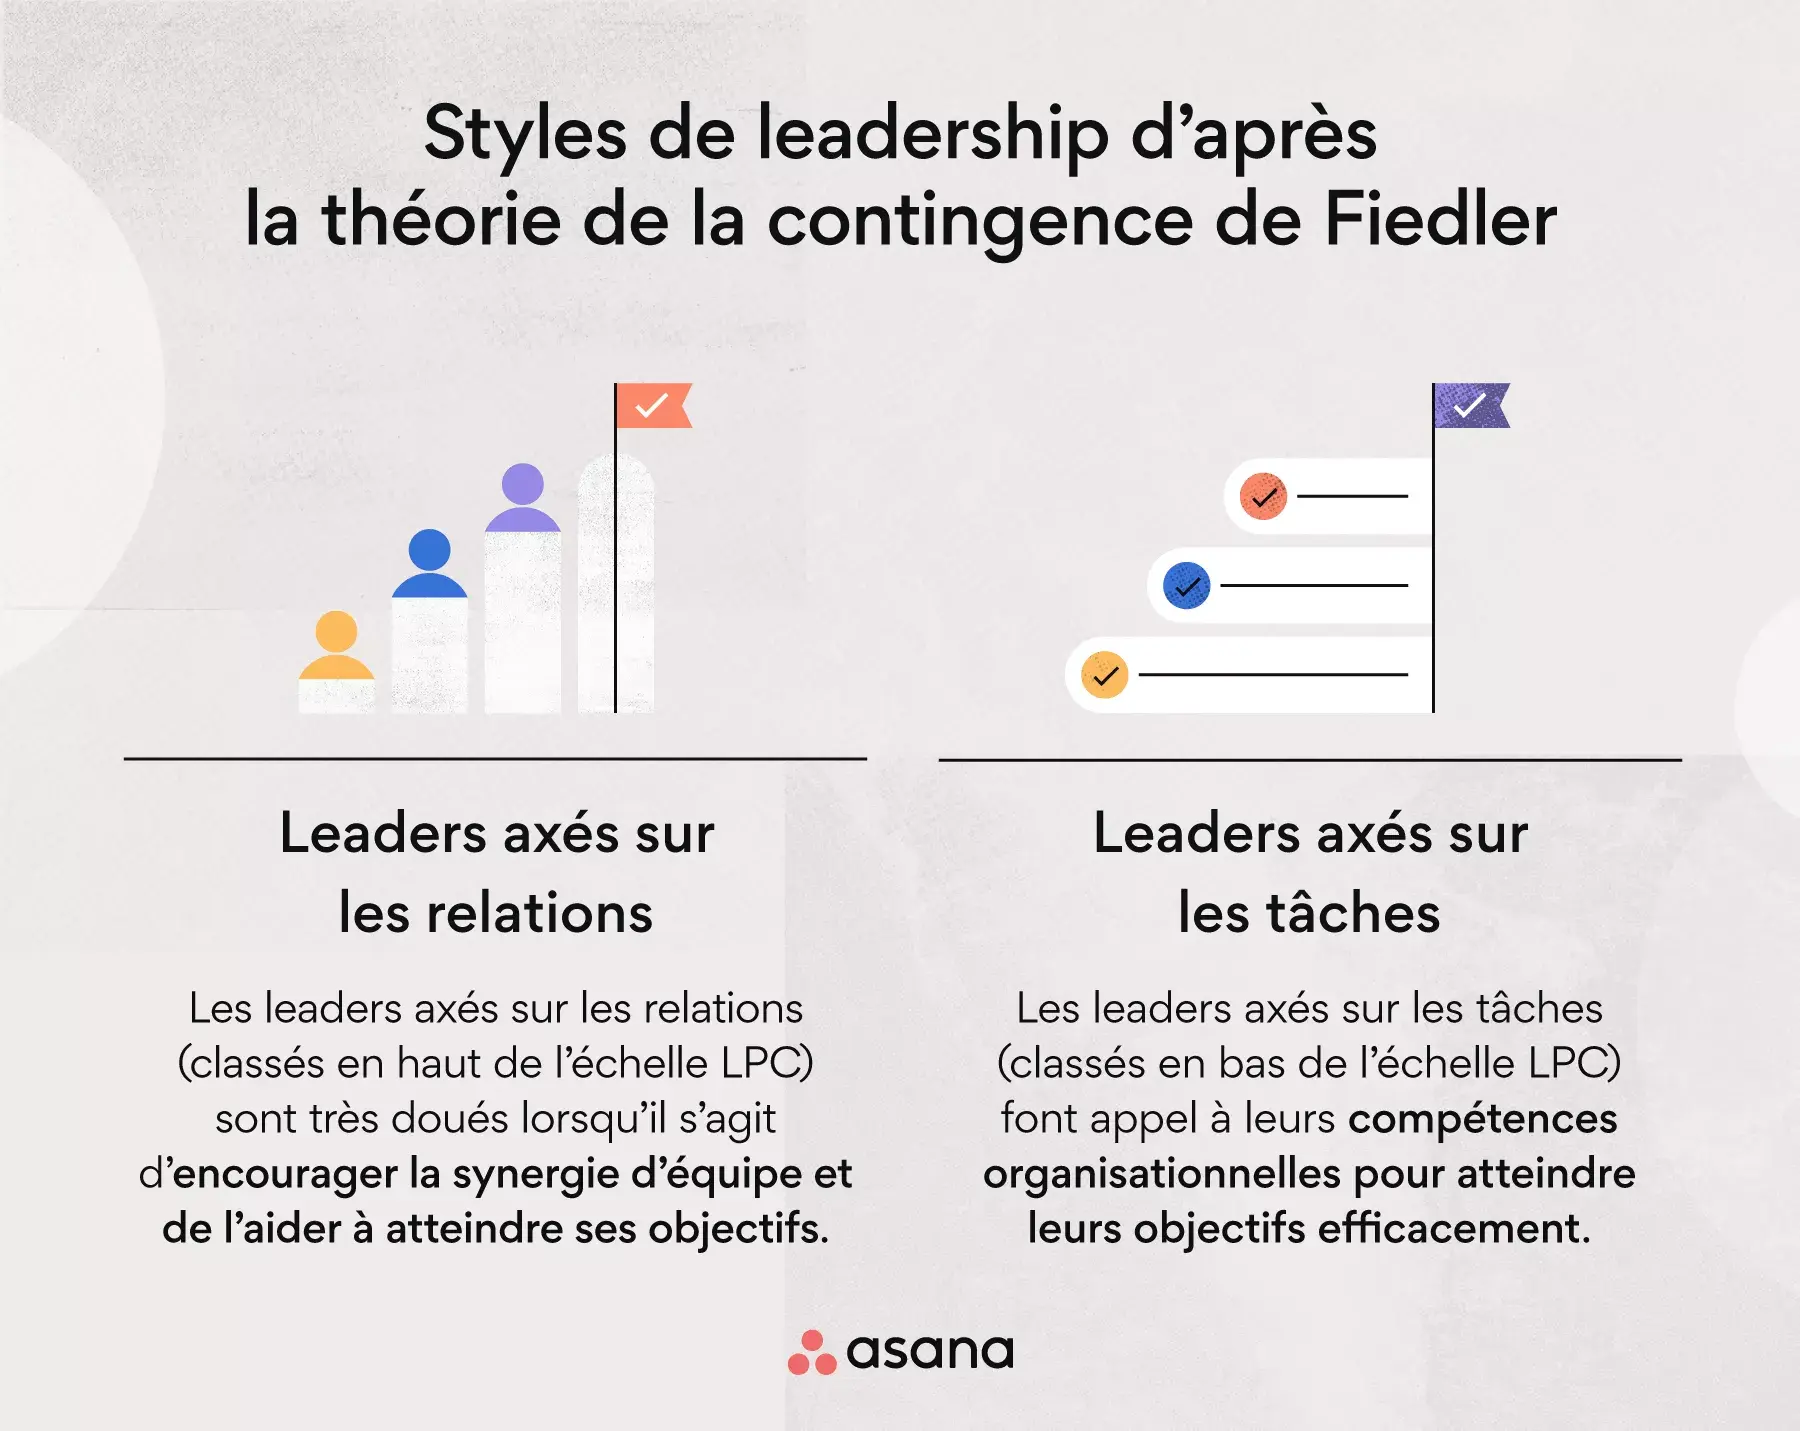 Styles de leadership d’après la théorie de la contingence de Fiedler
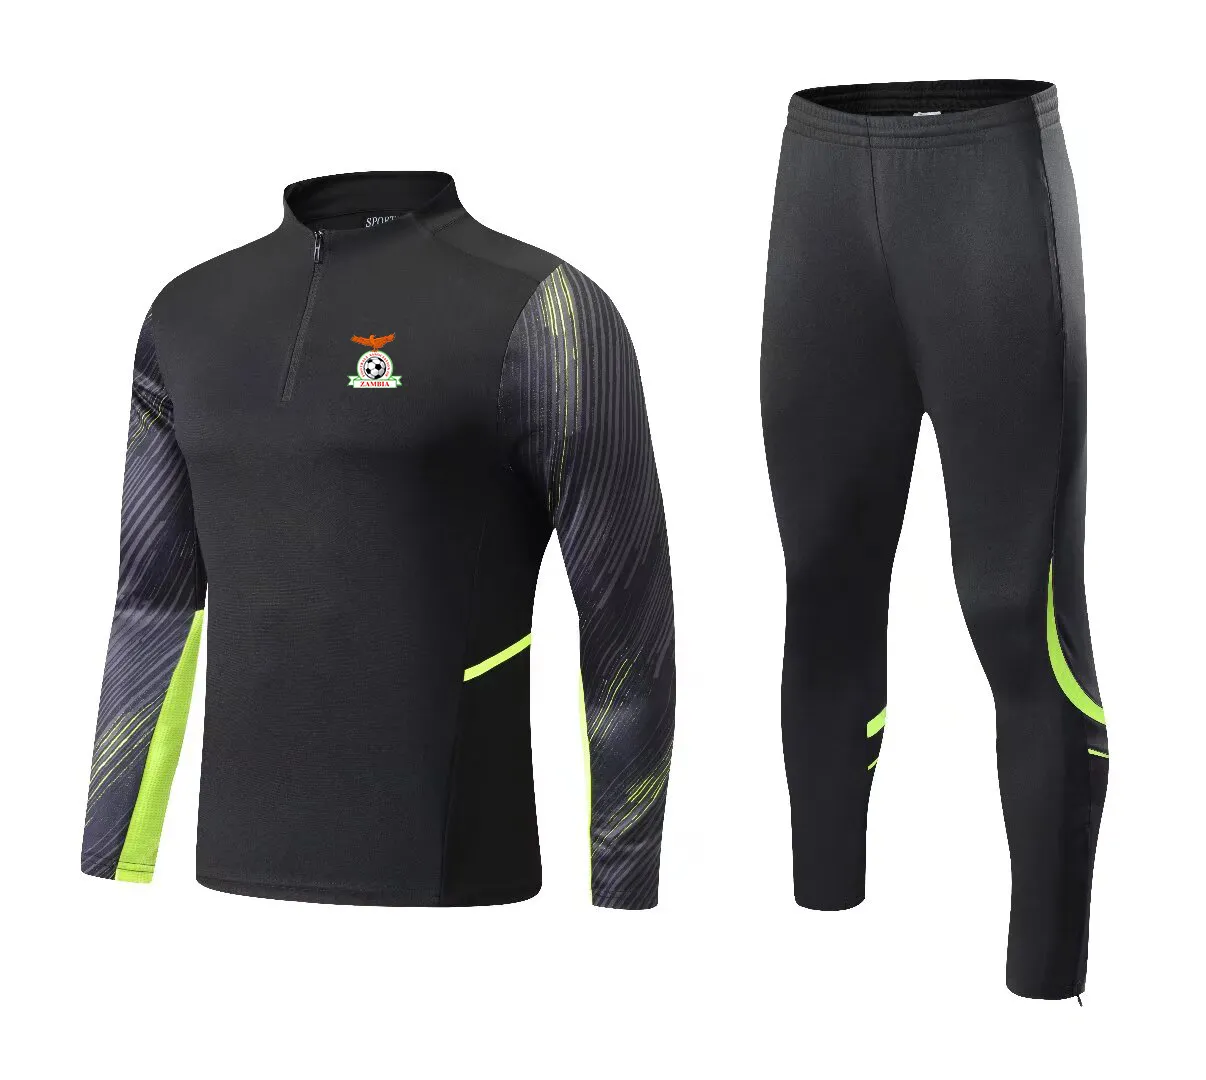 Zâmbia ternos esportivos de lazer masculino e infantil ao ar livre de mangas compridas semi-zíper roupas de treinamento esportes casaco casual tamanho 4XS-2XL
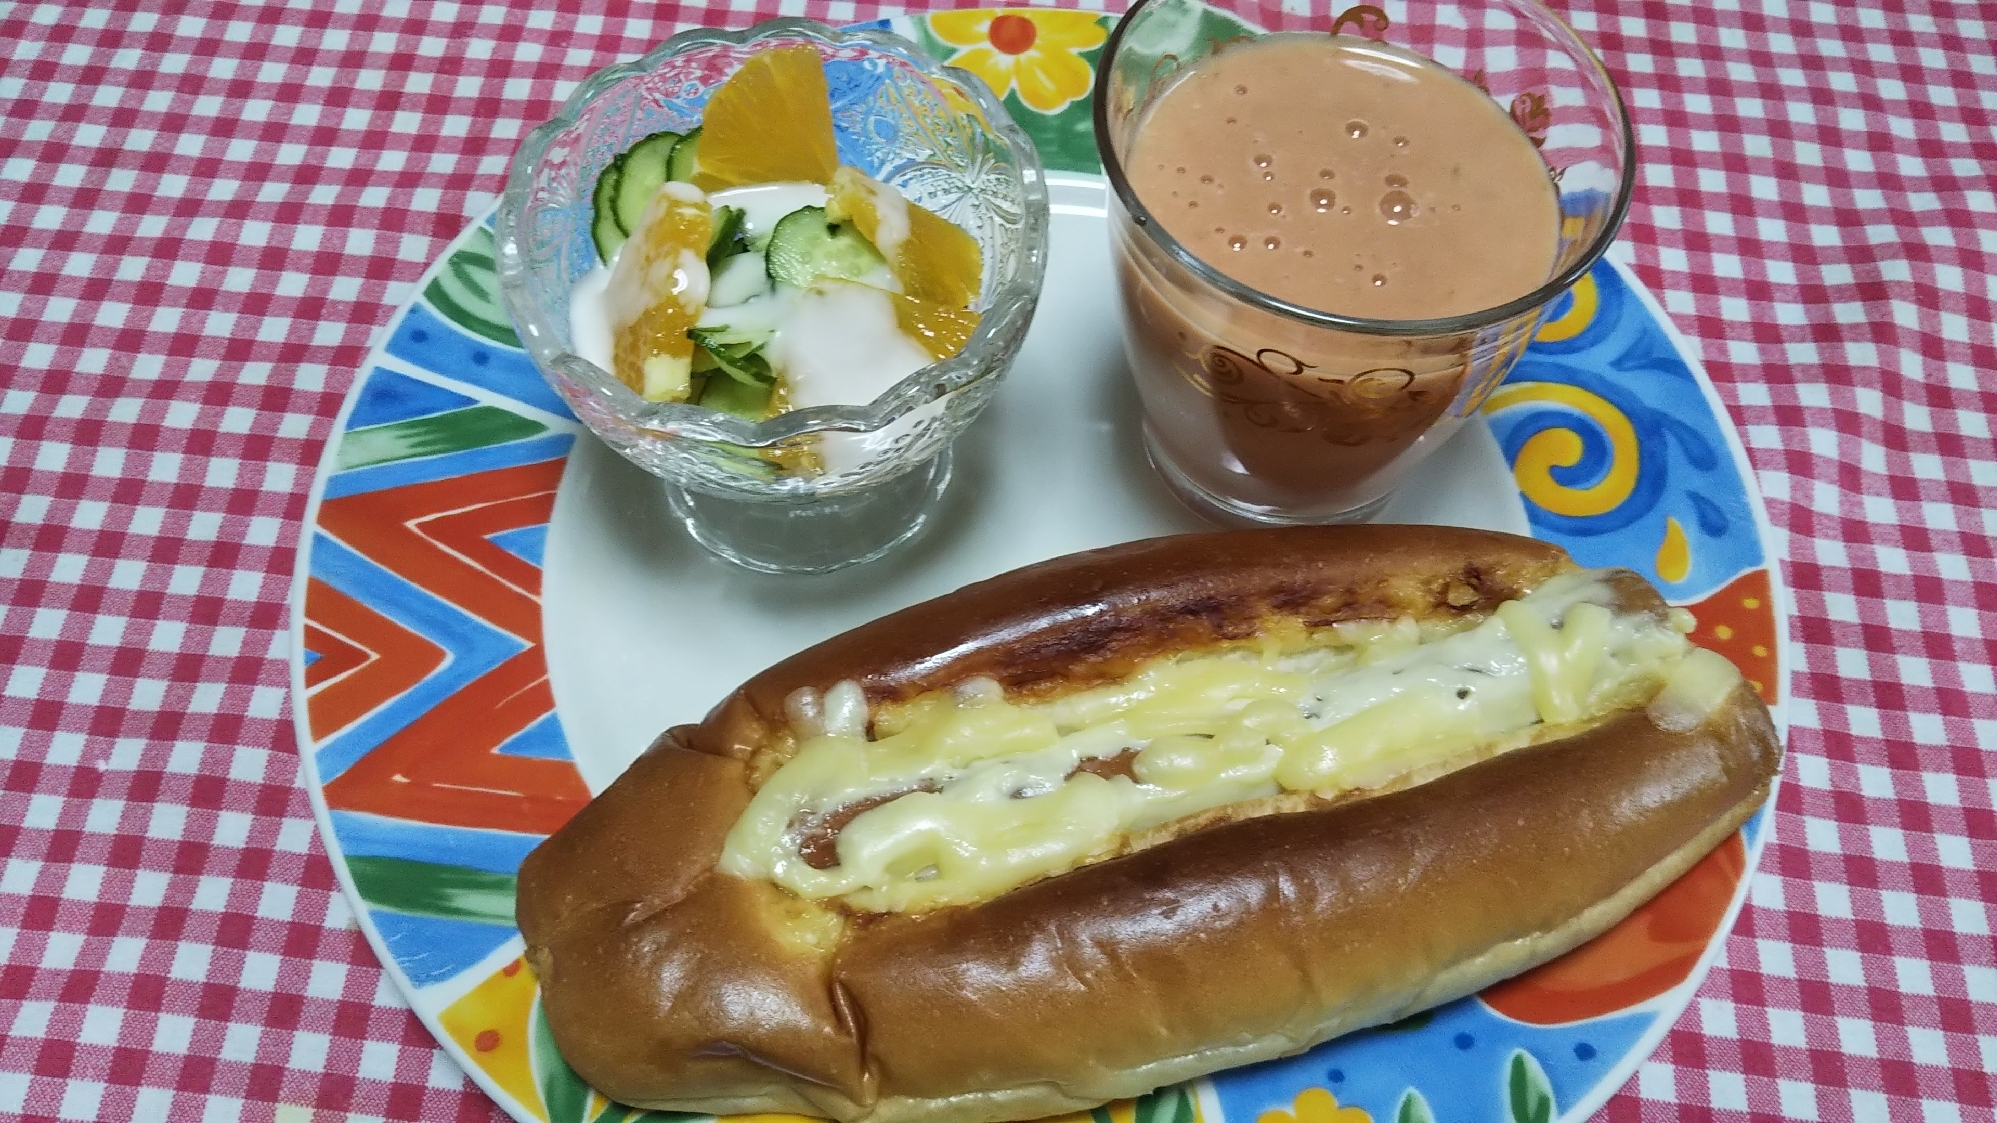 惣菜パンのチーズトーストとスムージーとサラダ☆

TASK REQUIREMENTS. Repeat each line of the material exactly, please, and skip every picture.

REPLY TO THE TASK.
 Styles de leadership d’après la théorie de la contingence de Fiedler
 Zâmbia ternos esportivos de lazer masculino e infantil ao ar livre de mangas compridas semi-zíper roupas de treinamento esportes casaco casual tamanho 4XS-2XL
 惣菜パンのチーズトーストとスムージーとサラダ☆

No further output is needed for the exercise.